WHAT YOU NEED TO DO → Output all of the data below without changing a word, and exclude the pictures.

DATA EXTRACT →
*** Block opens ***

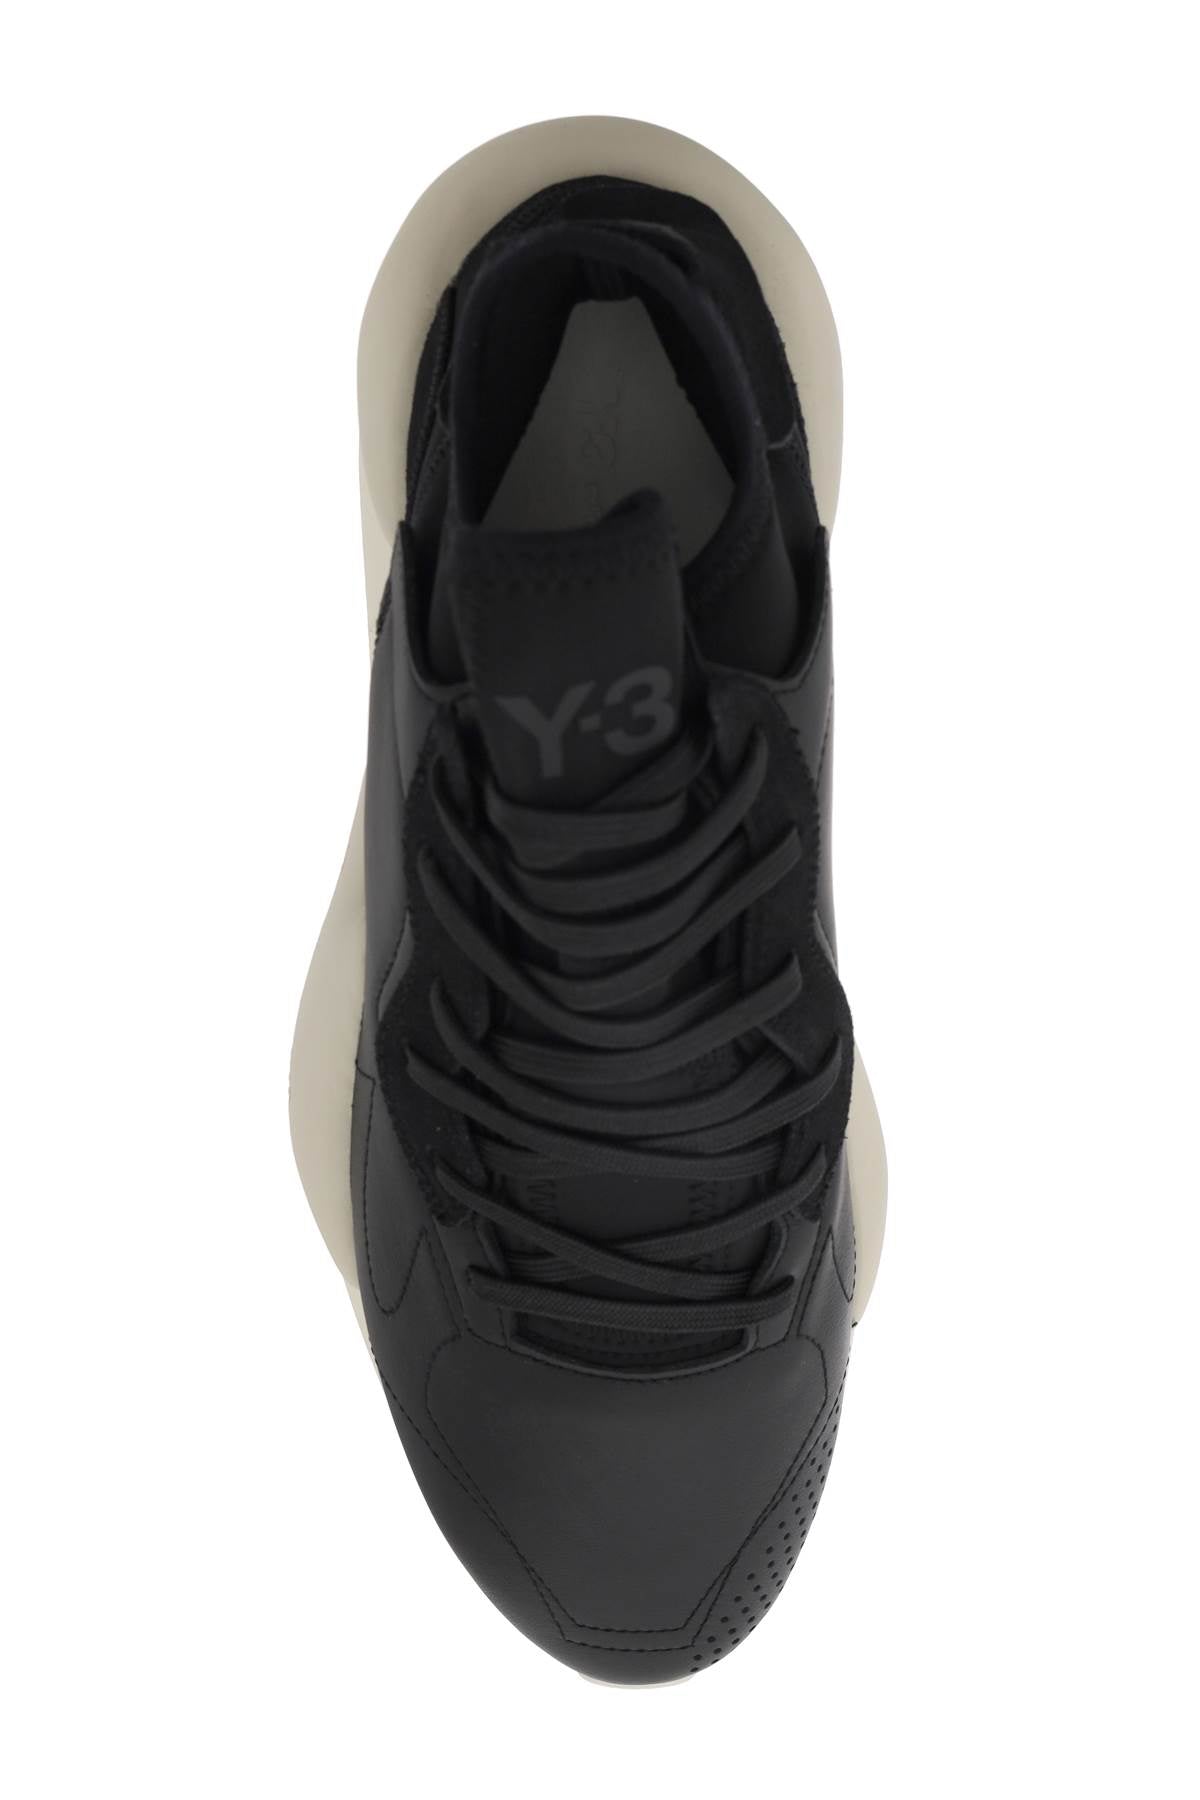 Y-3 y-3 kaiwa sneakers-Y-3-Urbanheer
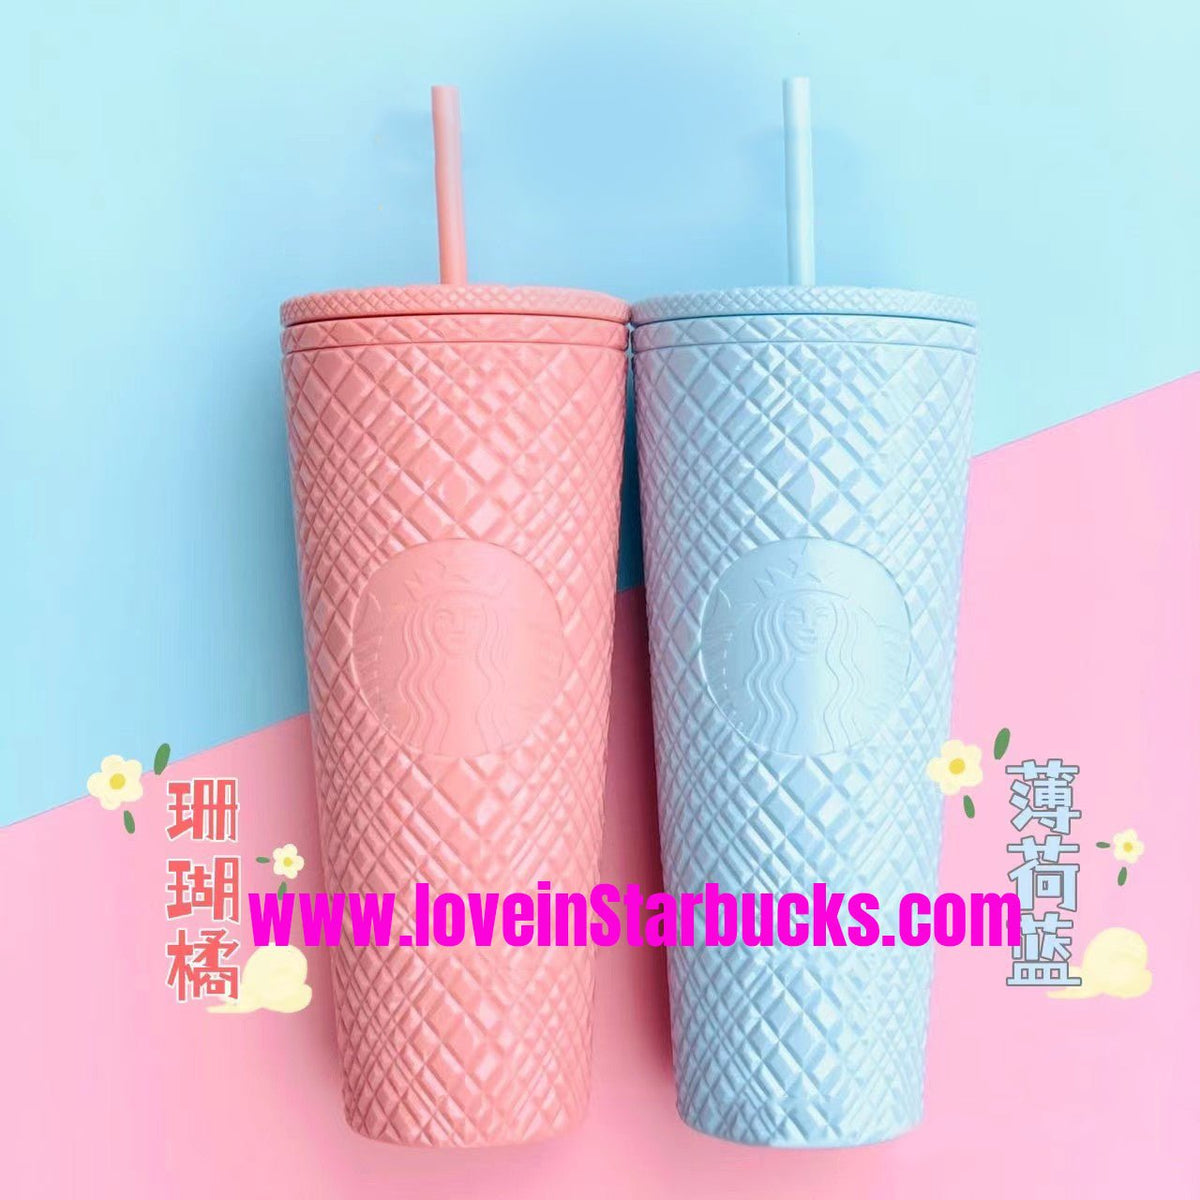 http://loveinstarbucks.com/cdn/shop/products/starbucks-taiwan-coral-pink-mint-blue-24oz-jeweled-straw-cups-740085_1200x1200.jpg?v=1674153270
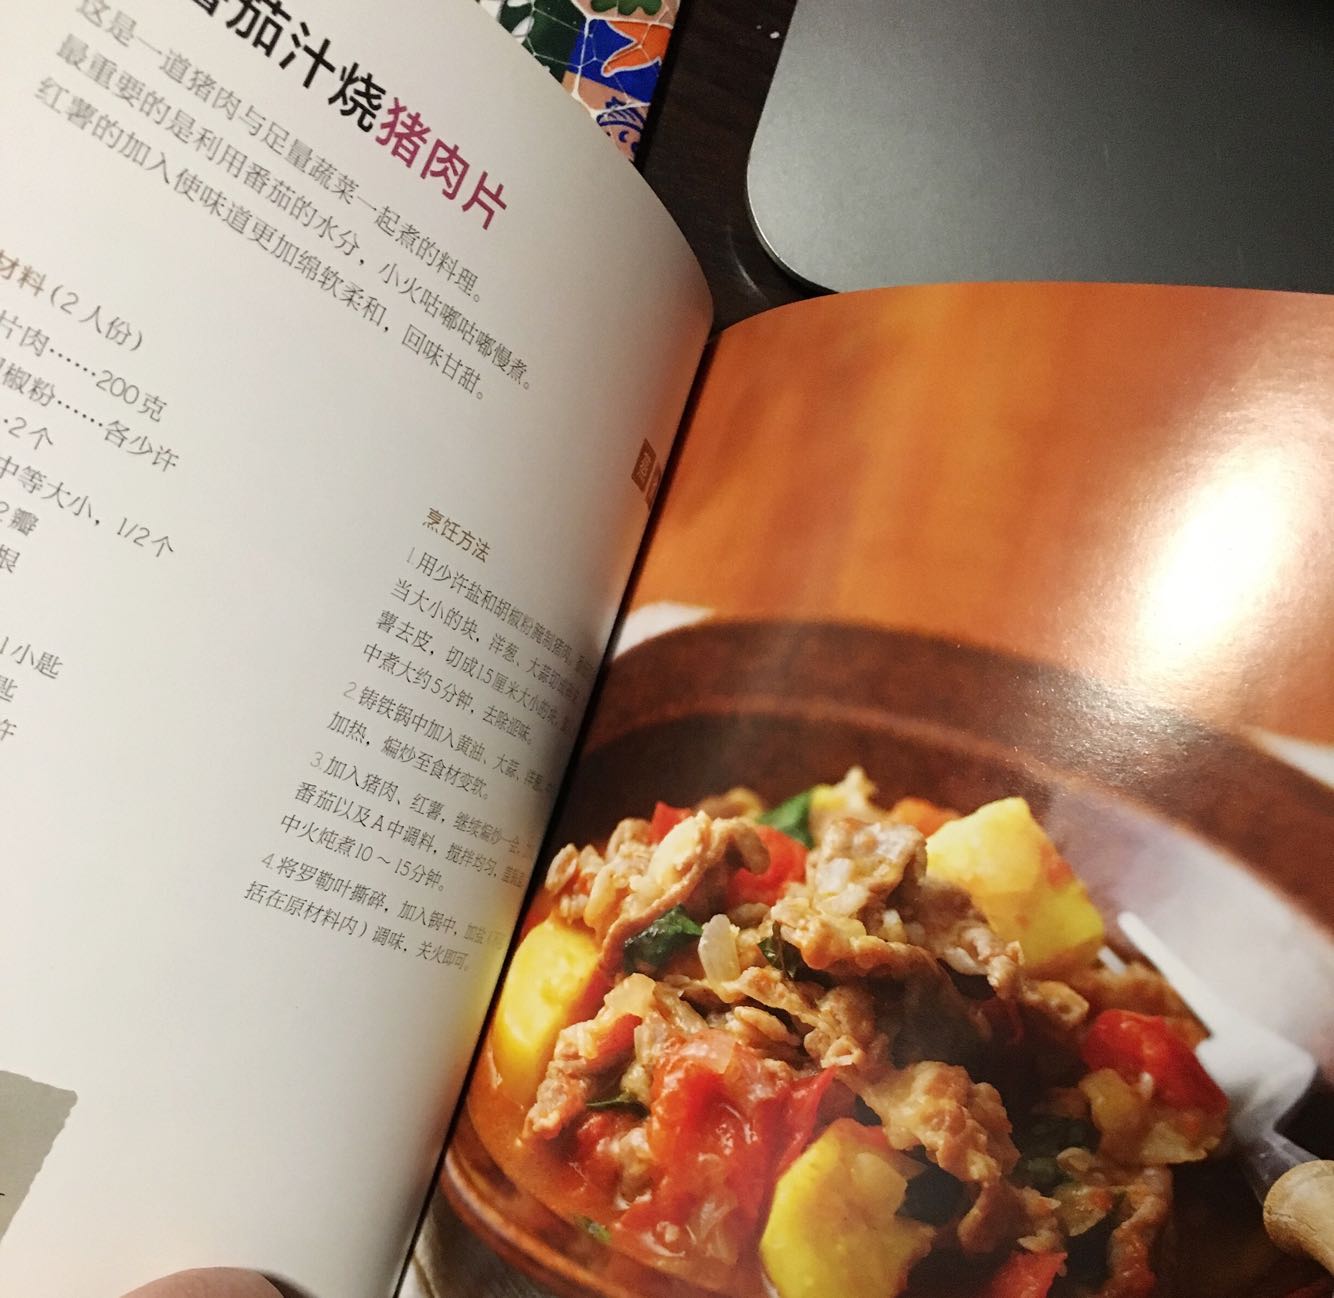 这是一本为Staub而作的美食书，很多日本家常风味的菜，不过需要专门去买一些特定的日本调料或者当地食材才能做得地道或者说接近作者的原味。很多菜不难，贵在铸铁锅能最好地保留食材的原味。推荐大家试试。要说不足呢，希望作者能再推荐一些用铸铁锅搭配烤箱而做的美食。
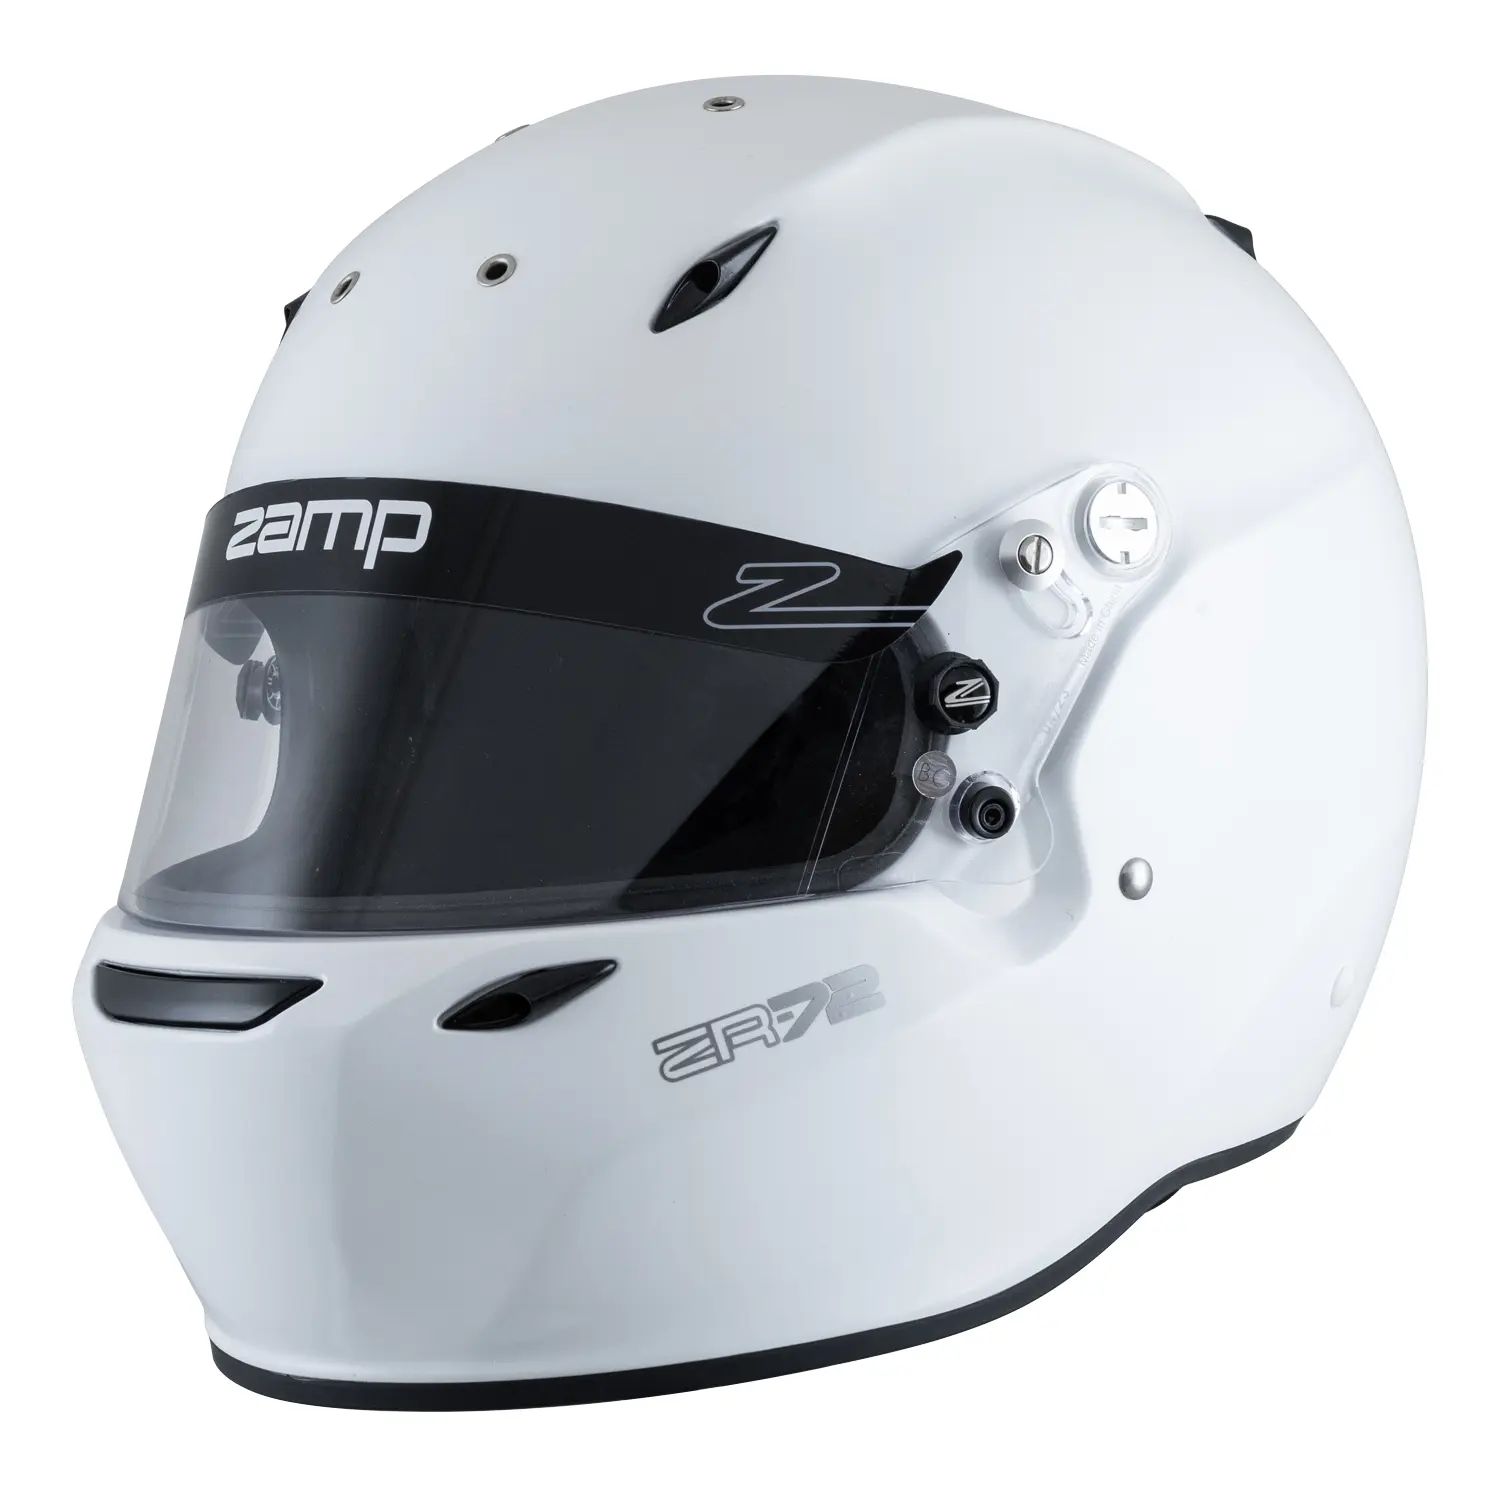 ZR-72 Helmet

*** Block closes ***

REPLY →
 Y-3 y-3 kaiwa sneakers-Y-3-Urbanheer
 http://loveinstarbucks.com/cdn/shop/products/starbucks-taiwan-coral-pink-mint-blue-24oz-jeweled-straw-cups-740085_1200x1200.jpg?v=1674153270
 这是一本为Staub而作的美食书，很多日本家常风味的菜，不过需要专门去买一些特定的日本调料或者当地食材才能做得地道或者说接近作者的原味。很多菜不难，贵在铸铁锅能最好地保留食材的原味。推荐大家试试。要说不足呢，希望作者能再推荐一些用铸铁锅搭配烤箱而做的美食。
 ZR-72 Helmet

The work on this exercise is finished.